▶ **Task brief**: Wherever a picture appears in the listing below, leave it out and reproduce the rest exactly.

▶ **Records provided**:
______________________________

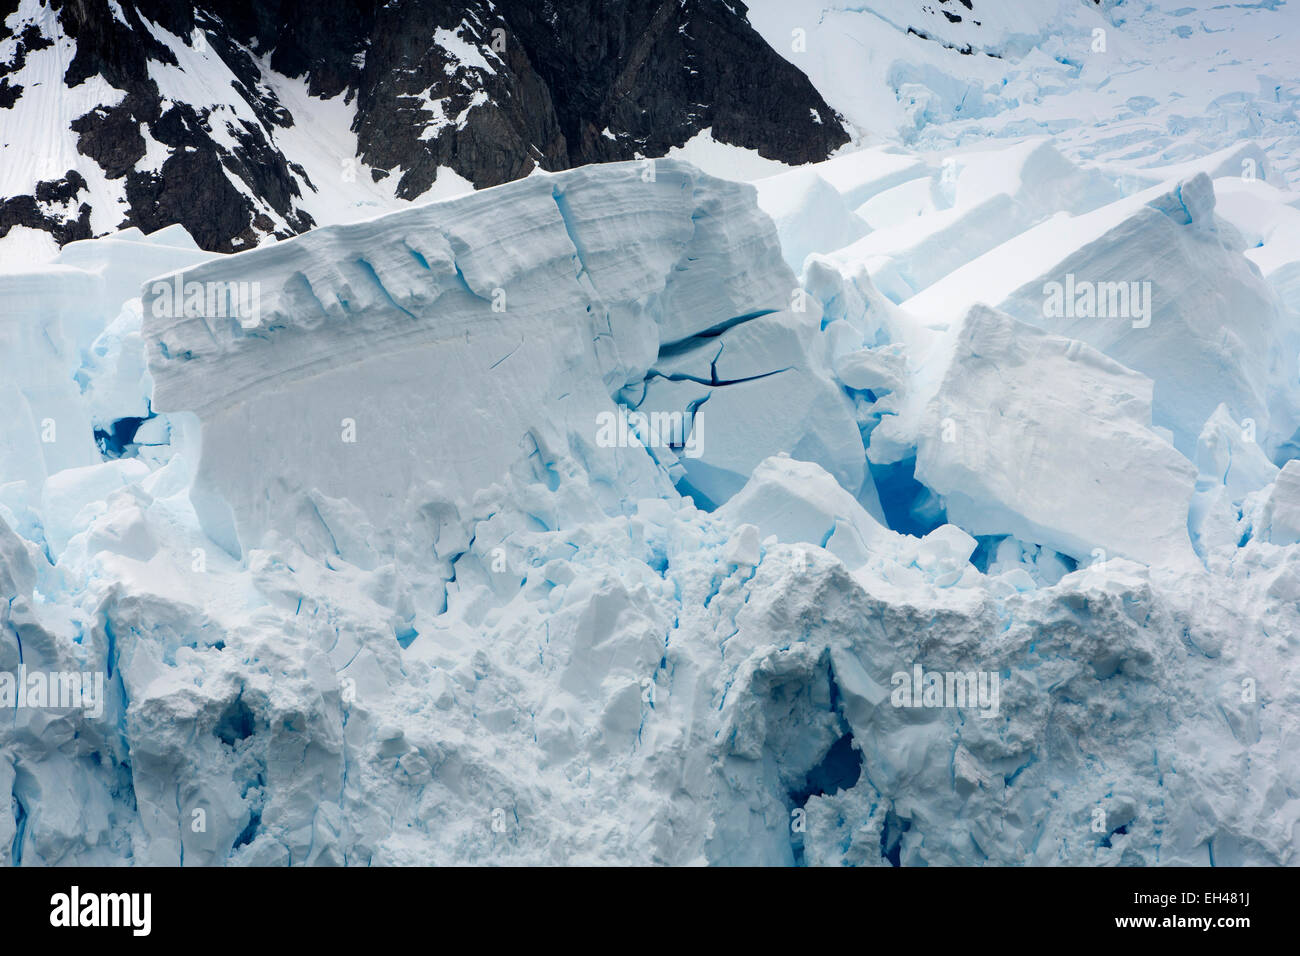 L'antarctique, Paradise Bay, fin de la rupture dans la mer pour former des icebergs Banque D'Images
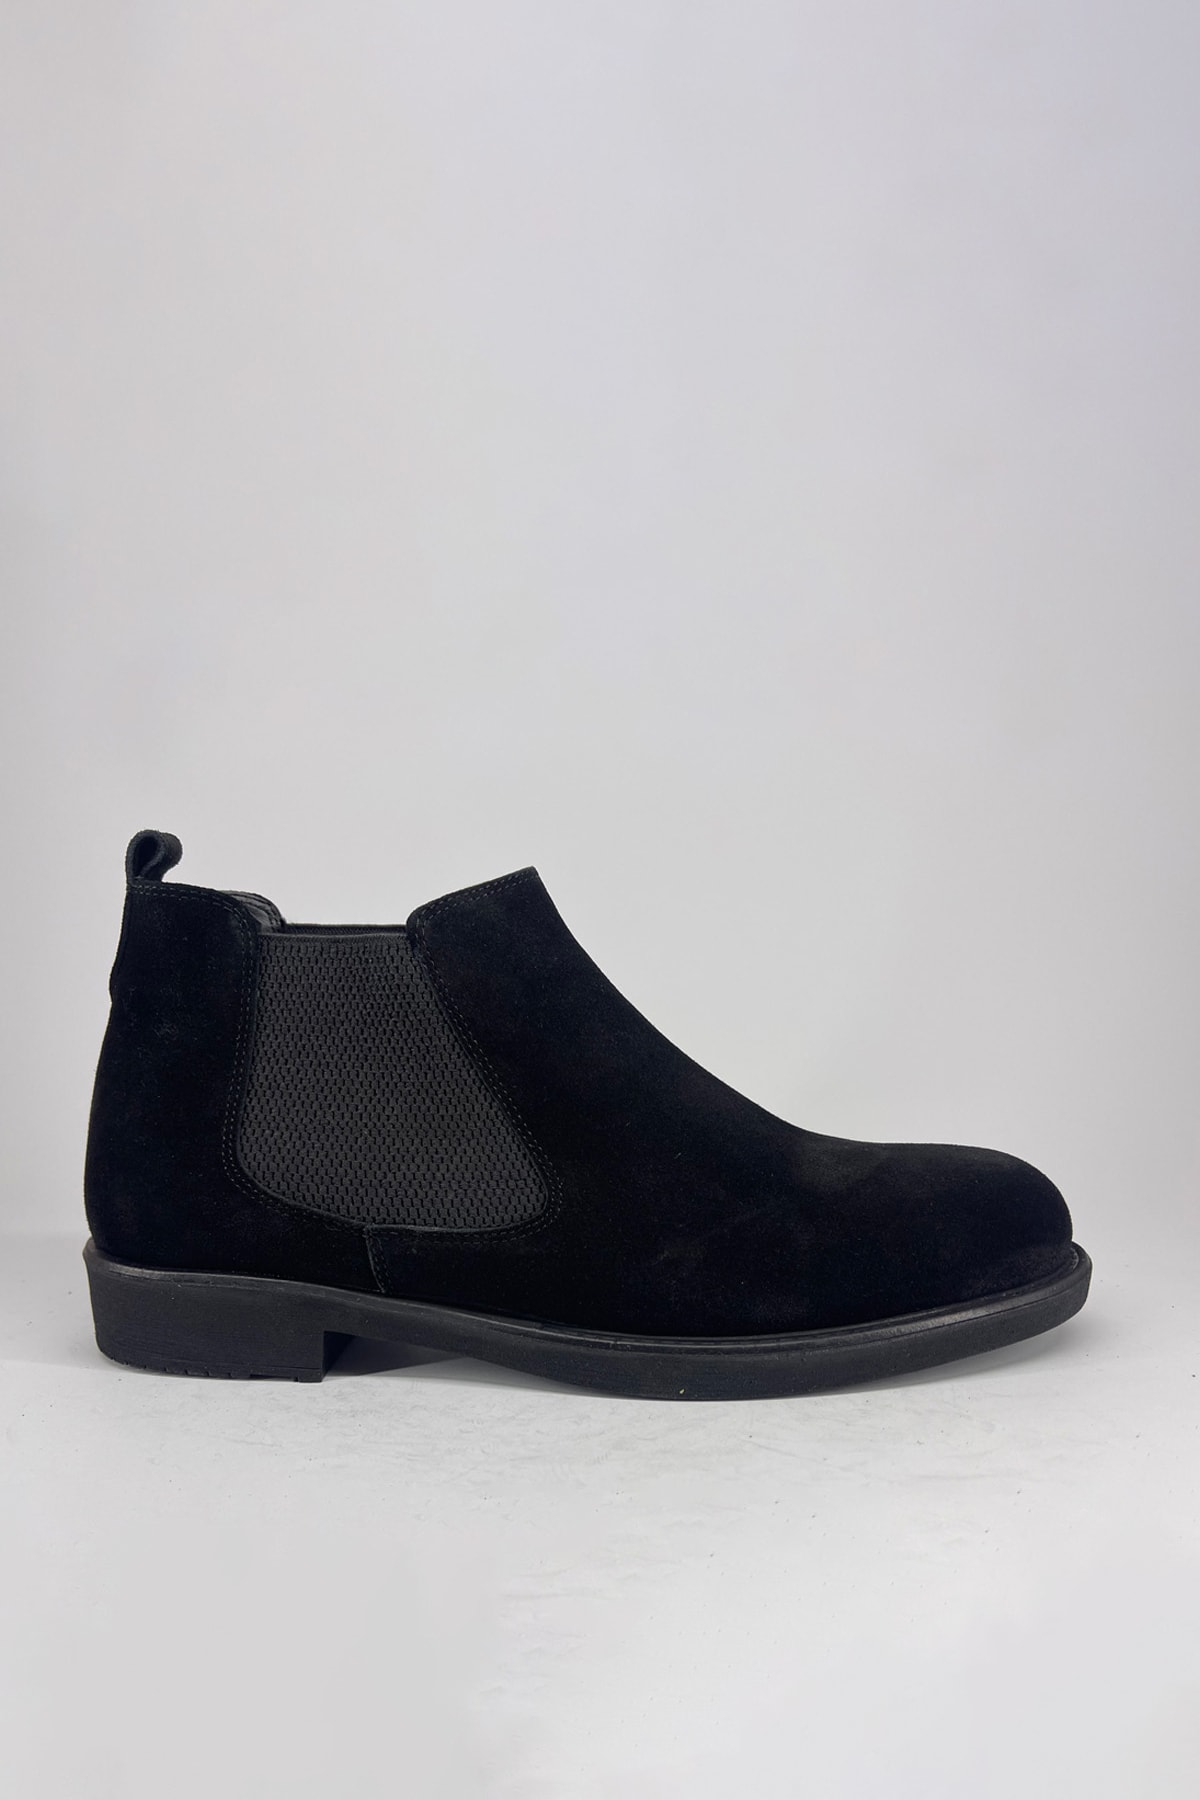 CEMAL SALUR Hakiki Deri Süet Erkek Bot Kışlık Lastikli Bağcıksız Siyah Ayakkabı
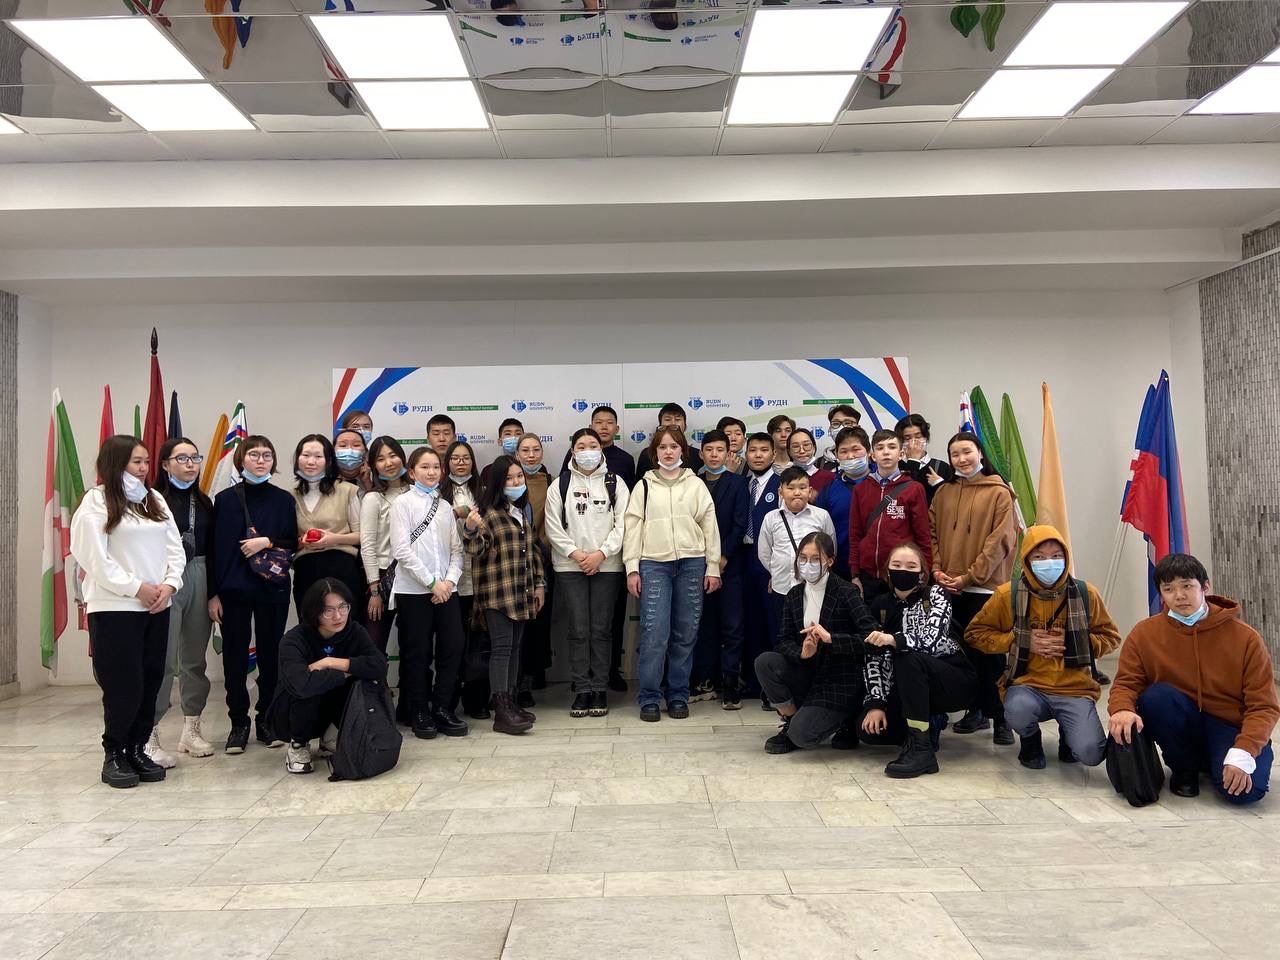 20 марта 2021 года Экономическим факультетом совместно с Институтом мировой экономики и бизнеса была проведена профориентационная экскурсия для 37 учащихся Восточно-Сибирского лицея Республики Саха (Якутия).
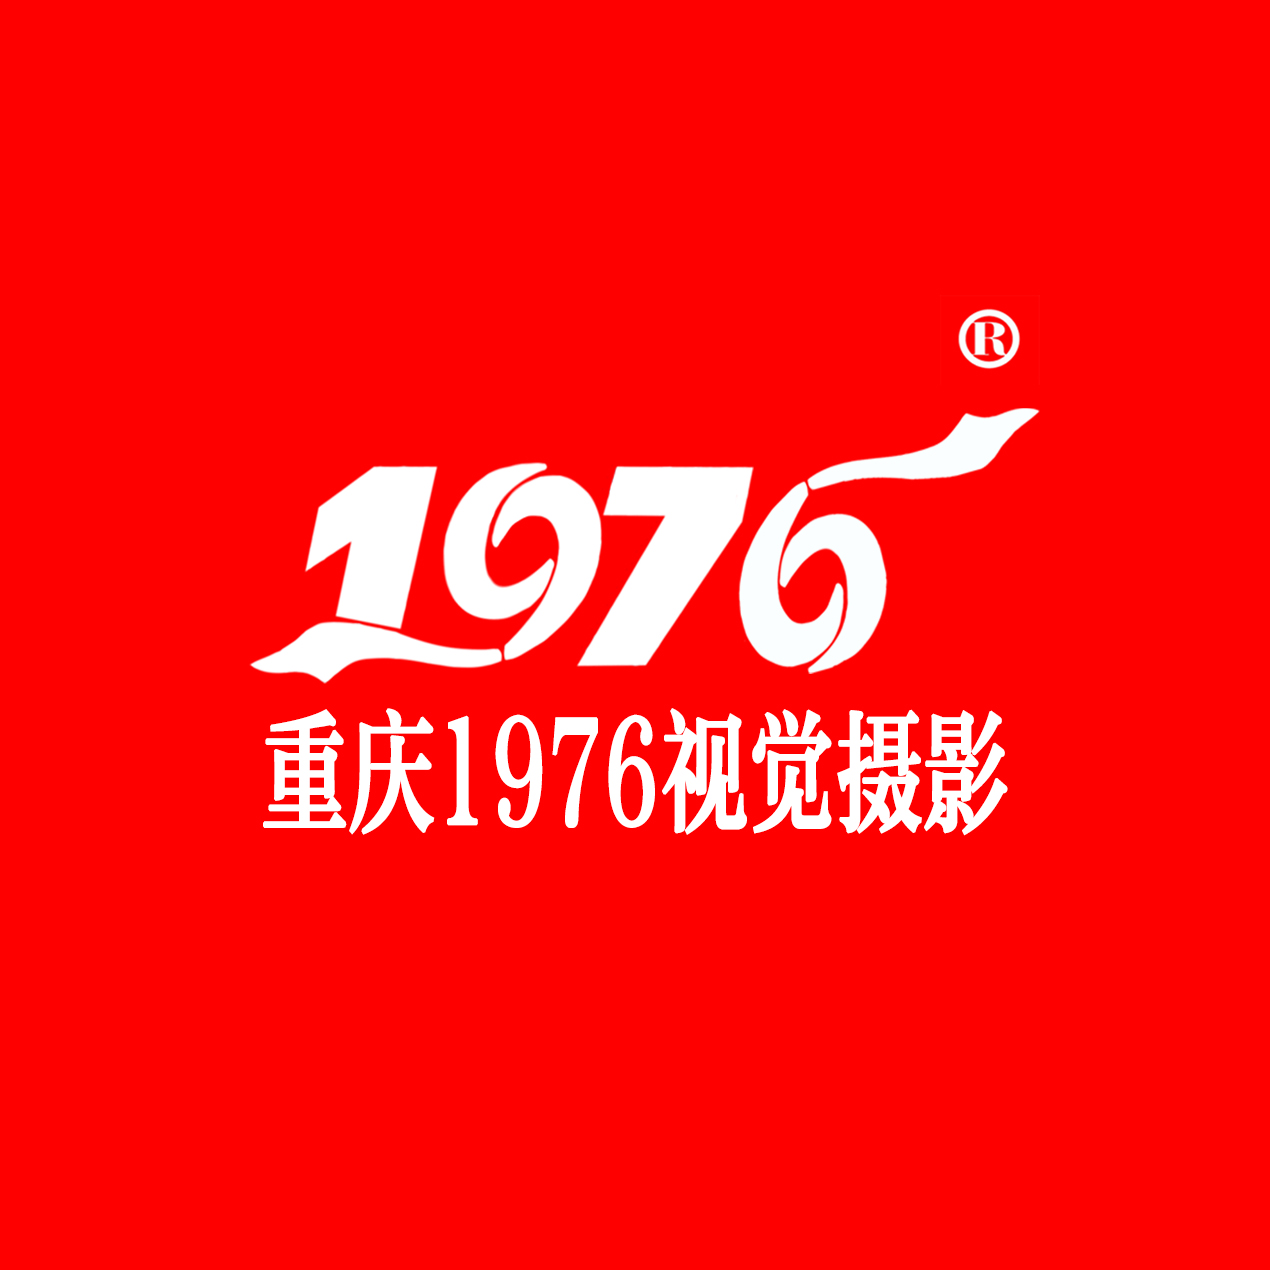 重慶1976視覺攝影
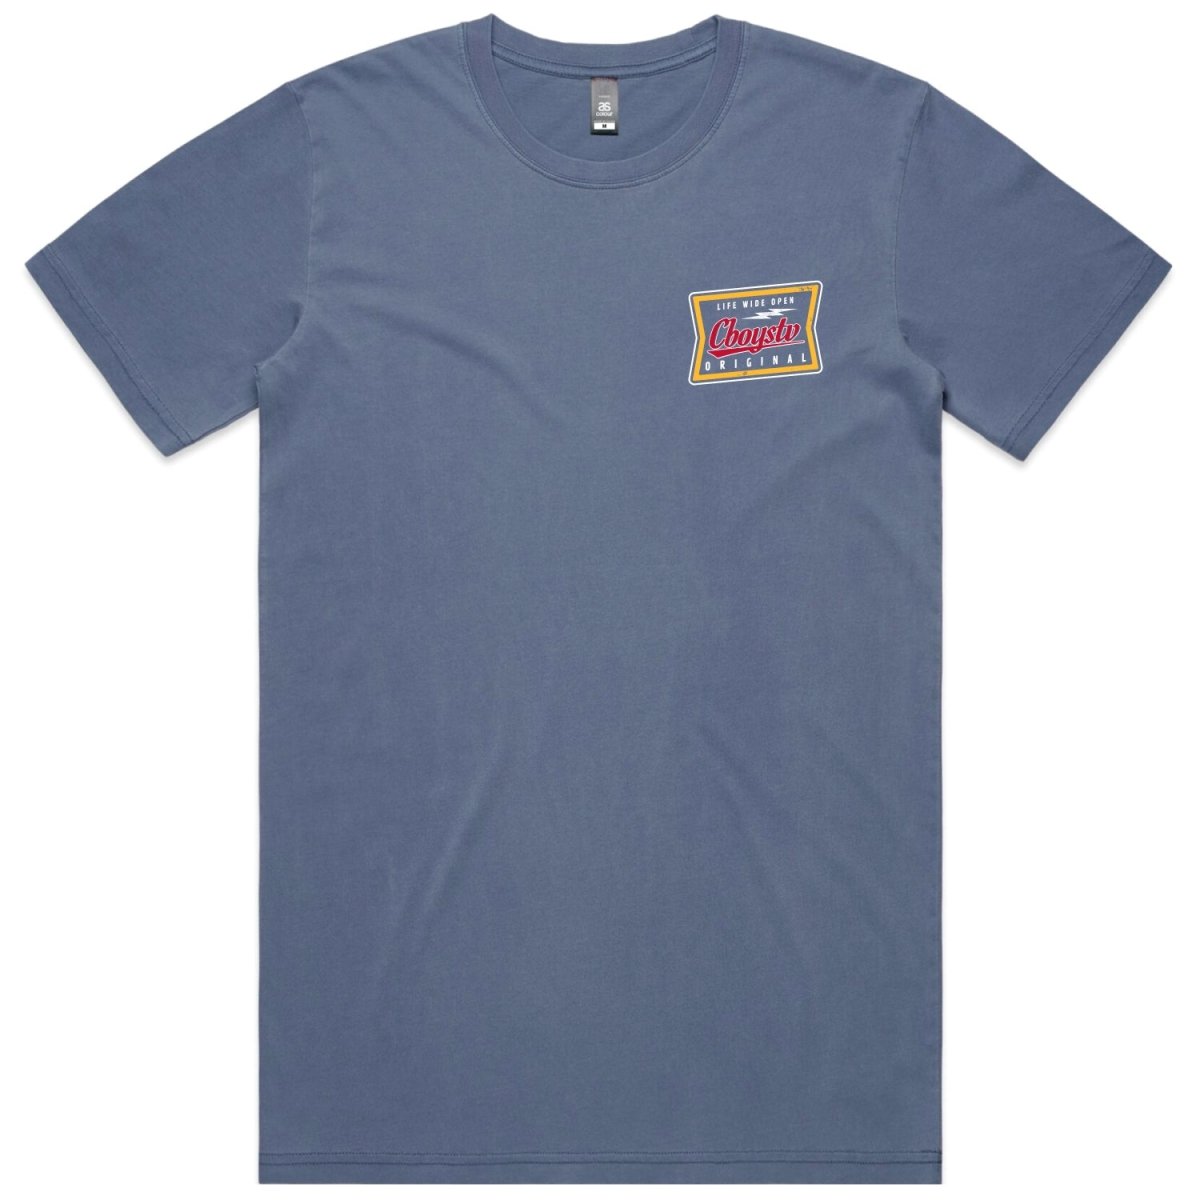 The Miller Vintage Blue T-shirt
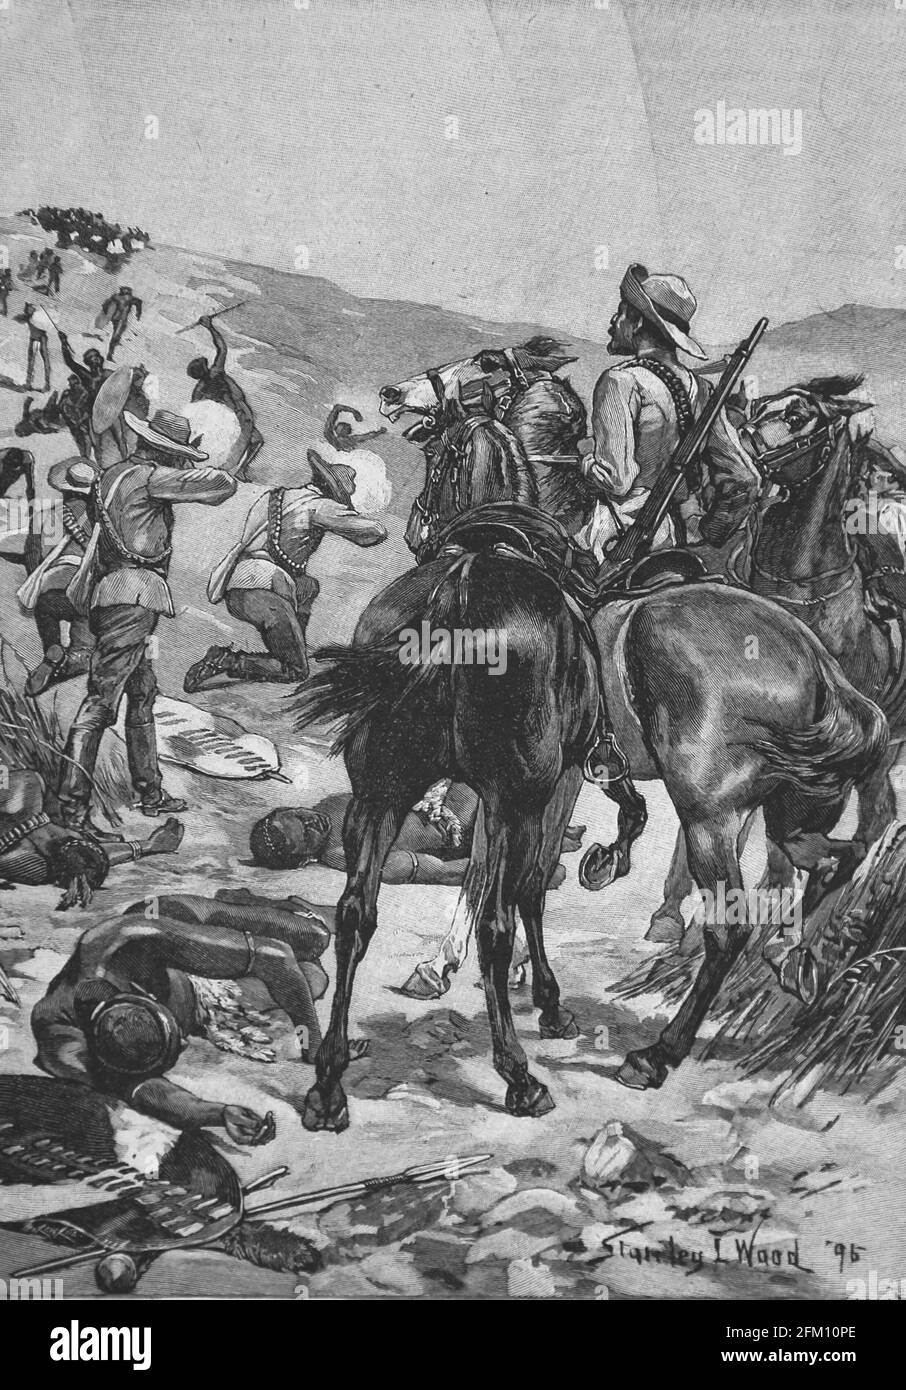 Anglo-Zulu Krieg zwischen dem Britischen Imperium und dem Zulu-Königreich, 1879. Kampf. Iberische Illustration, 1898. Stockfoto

______________________________

▶ **Exercise output**:
 L'antarctique, Paradise Bay, fin de la rupture dans la mer pour former des icebergs Banque D'Images
 CEMAL SALUR Hakiki Deri Süet Erkek Bot Kışlık Lastikli Bağcıksız Siyah Ayakkabı
 20 марта 2021 года Экономическим факультетом совместно с Институтом мировой экономики и бизнеса была проведена профориентационная экскурсия для 37 учащихся Восточно-Сибирского лицея Республики Саха (Якутия).
 重慶1976視覺攝影
 The Miller Vintage Blue T-shirt
 Anglo-Zulu Krieg zwischen dem Britischen Imperium und dem Zulu-Königreich, 1879. Kampf. Iberische Illustration, 1898. Stockfoto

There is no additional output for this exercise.